A soundtrack containing hip hop music was released on May 26, 1993, by Jive Records. It peaked at #11 on the Billboard 200 and #1 on the Top R&B/Hip-Hop Albums.

==Home media==
The director's cut of Menace II Society was released on LaserDisc in January 1994 via the Criterion Collection.

Menace II Society was released on DVD in 1997 by New Line Home Video. The director's cut was released on DVD in 2009. This film was also included in "double feature" and "4 Film Favorites" DVD packages in the 2010s. There is one "double feature" package in DVD Region 1 that includes Juice (released in 2013), and another that includes New Jack City (released in 2016), in addition to Menace II Society. The "4 Film Favorites" DVD package, released in 2013 in Region 1, includes ATL, New Jack City and Set It Off, in addition to Menace II Society.

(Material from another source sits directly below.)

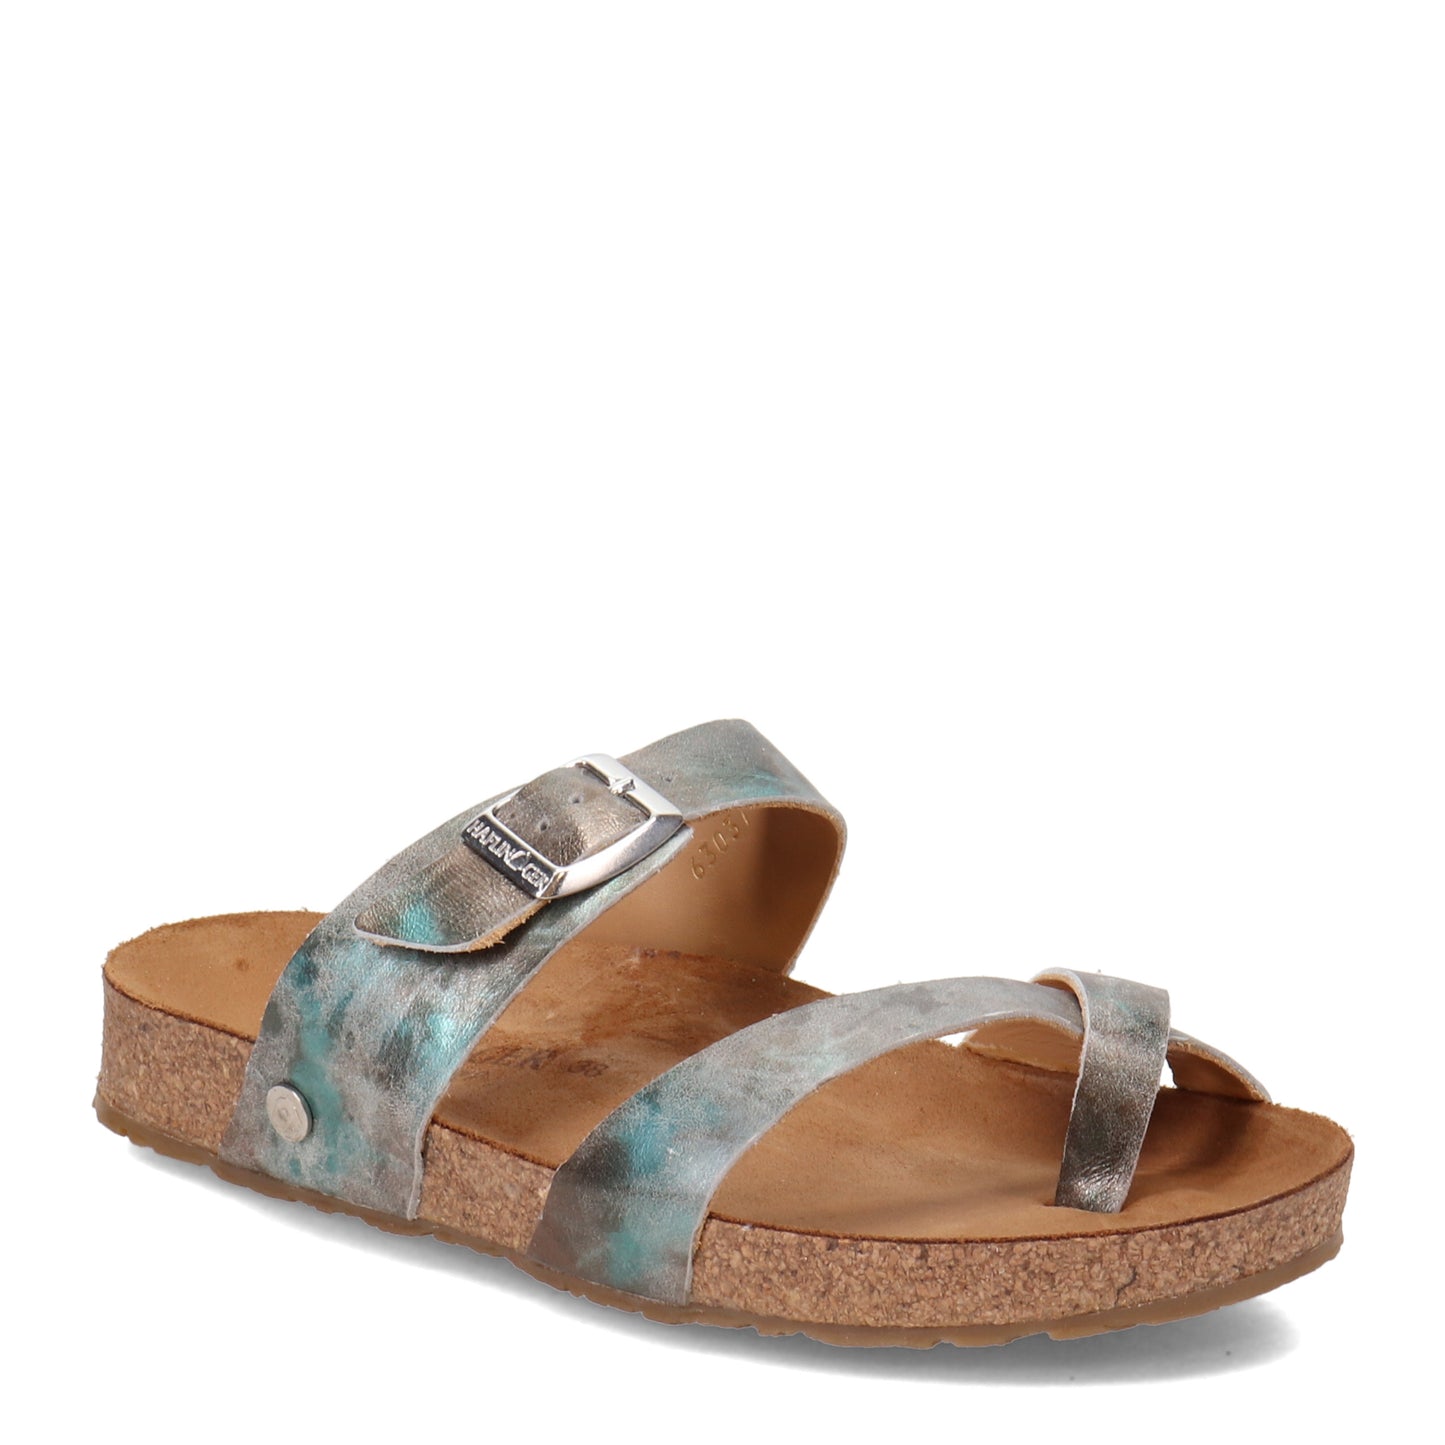 Peltz Shoes  Women's Haflinger Juno Sandal LIME 819079-1674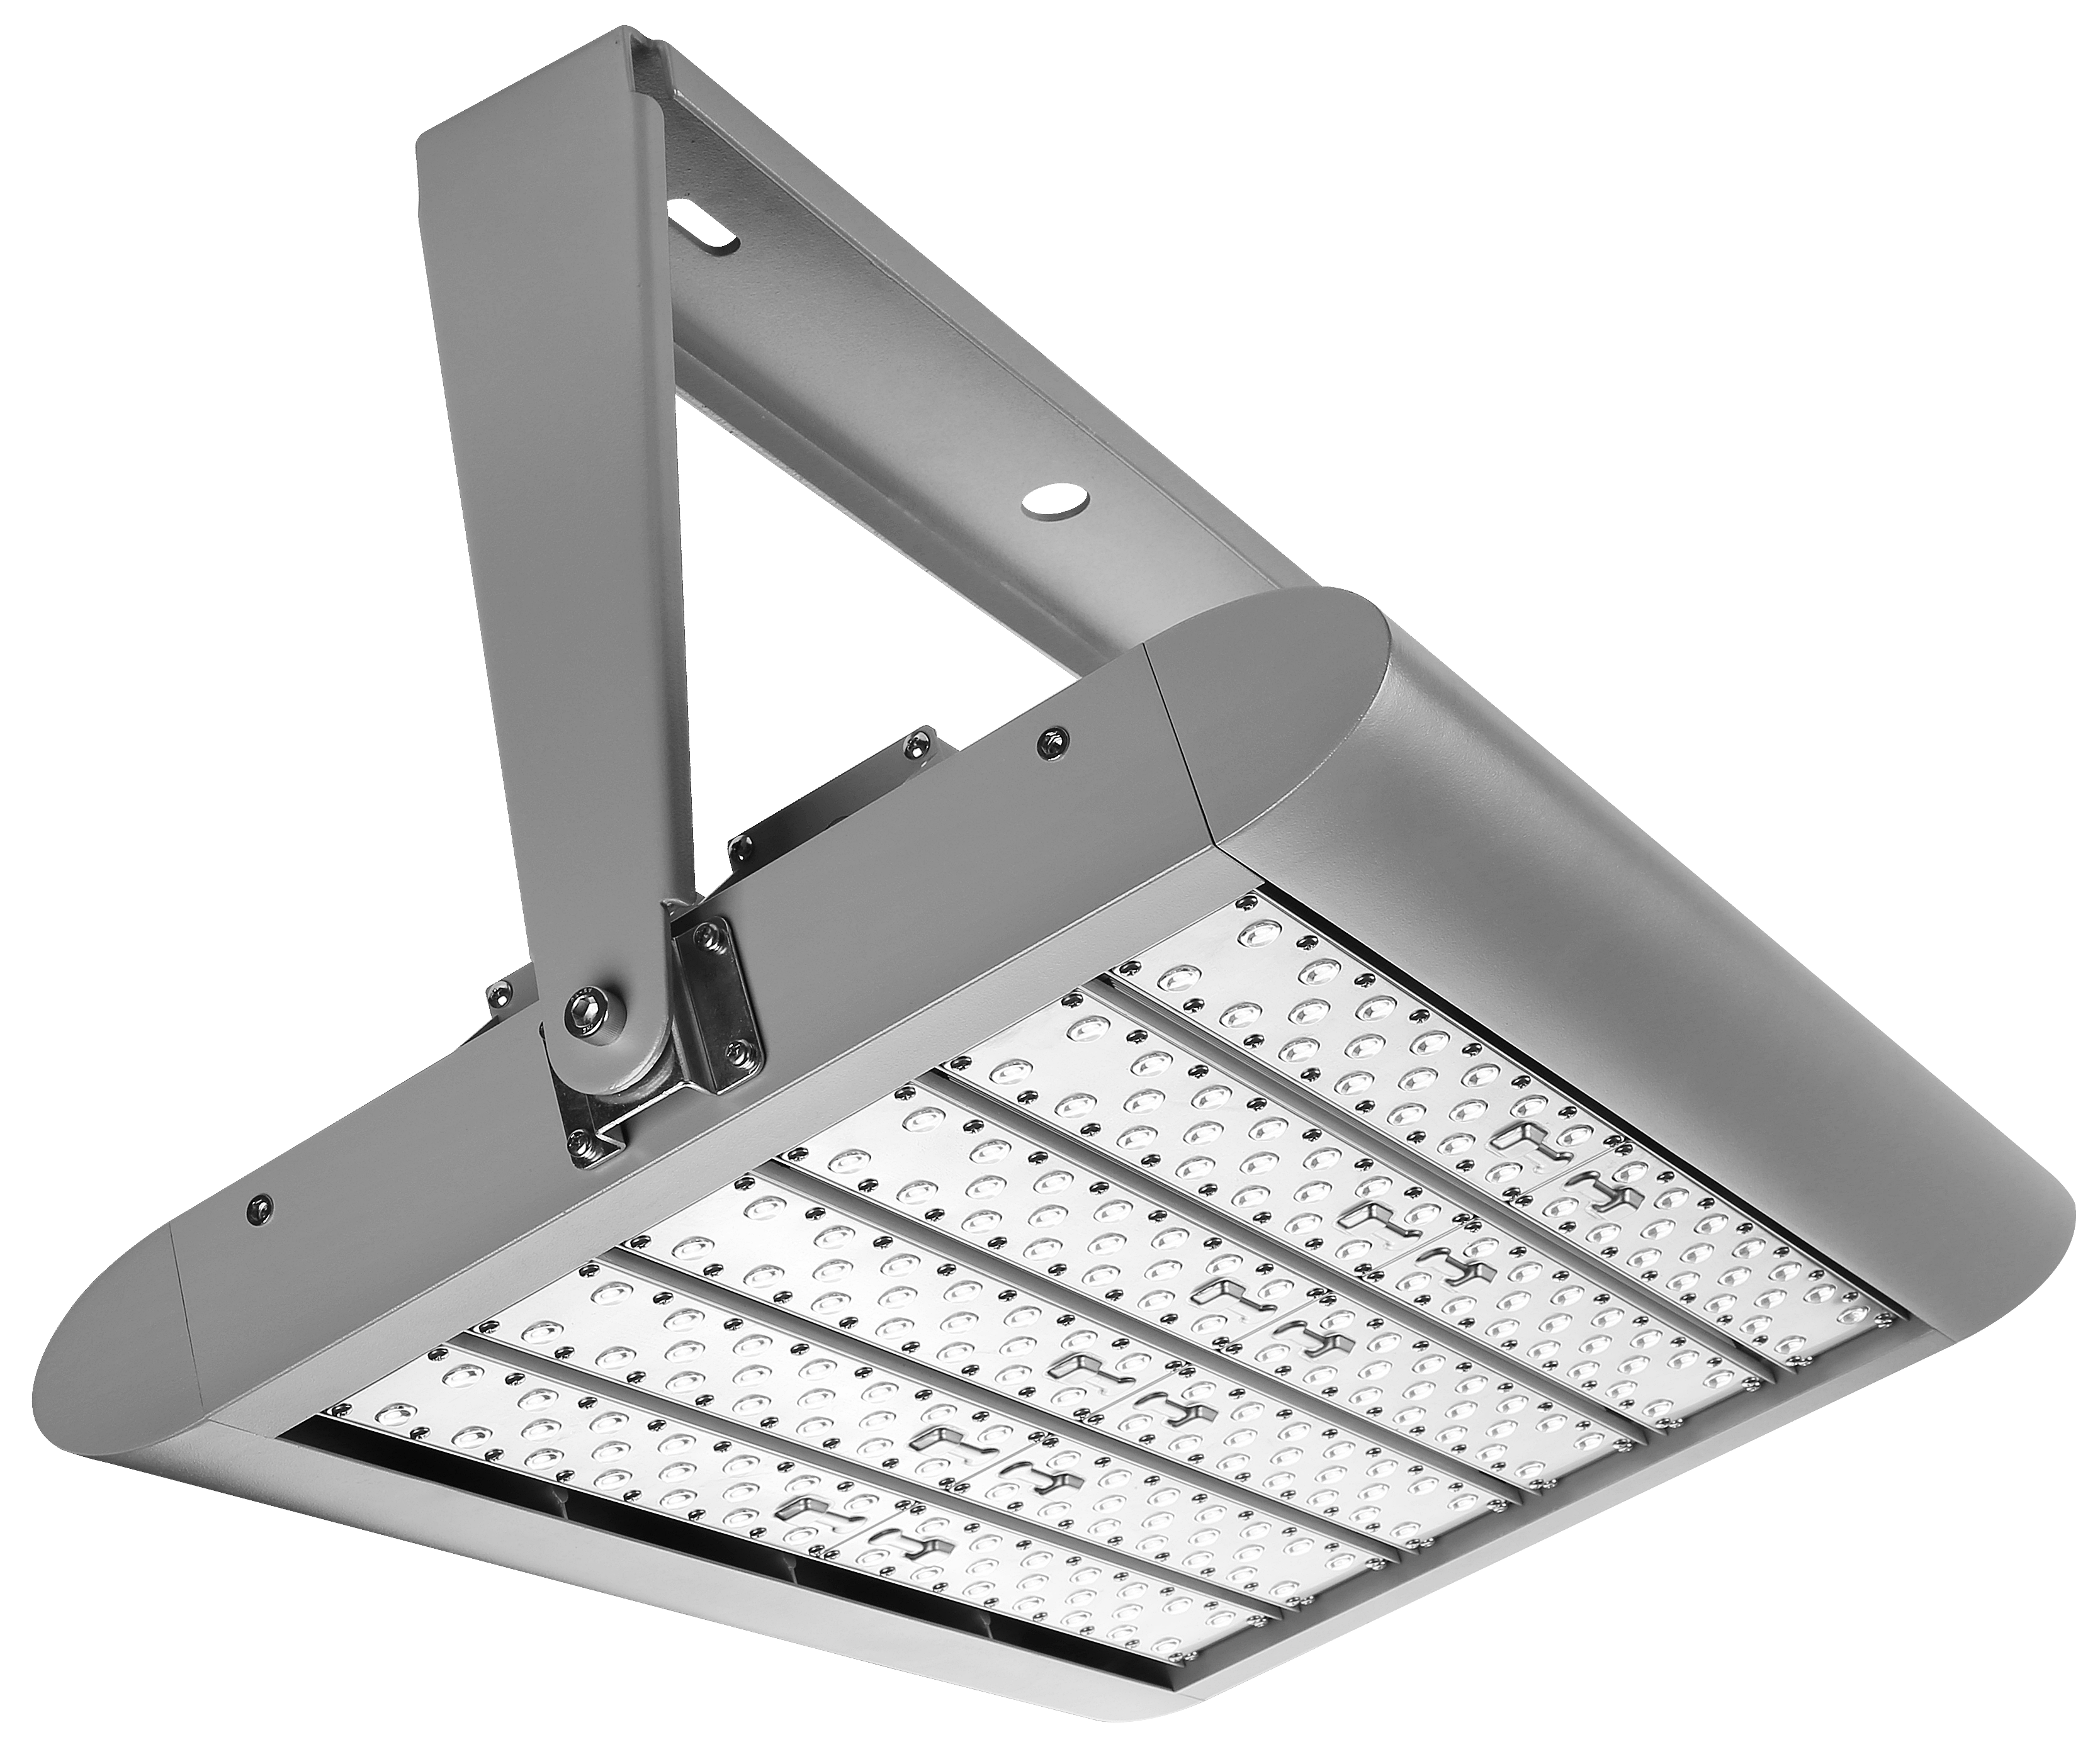 UVED 6SW UV-LEDFloodlight with white light

In August 2021, Criterion announced that Menace II Society, alongside 5 other films, would be released as a part of its first 4K Ultra HD releases. Criterion indicated each title will be available in a 4K UHD+Blu-ray combo pack including a 4K UHD disc of the feature film as well as the film and special features on the companion Blu-ray. The titles were released in November 2021.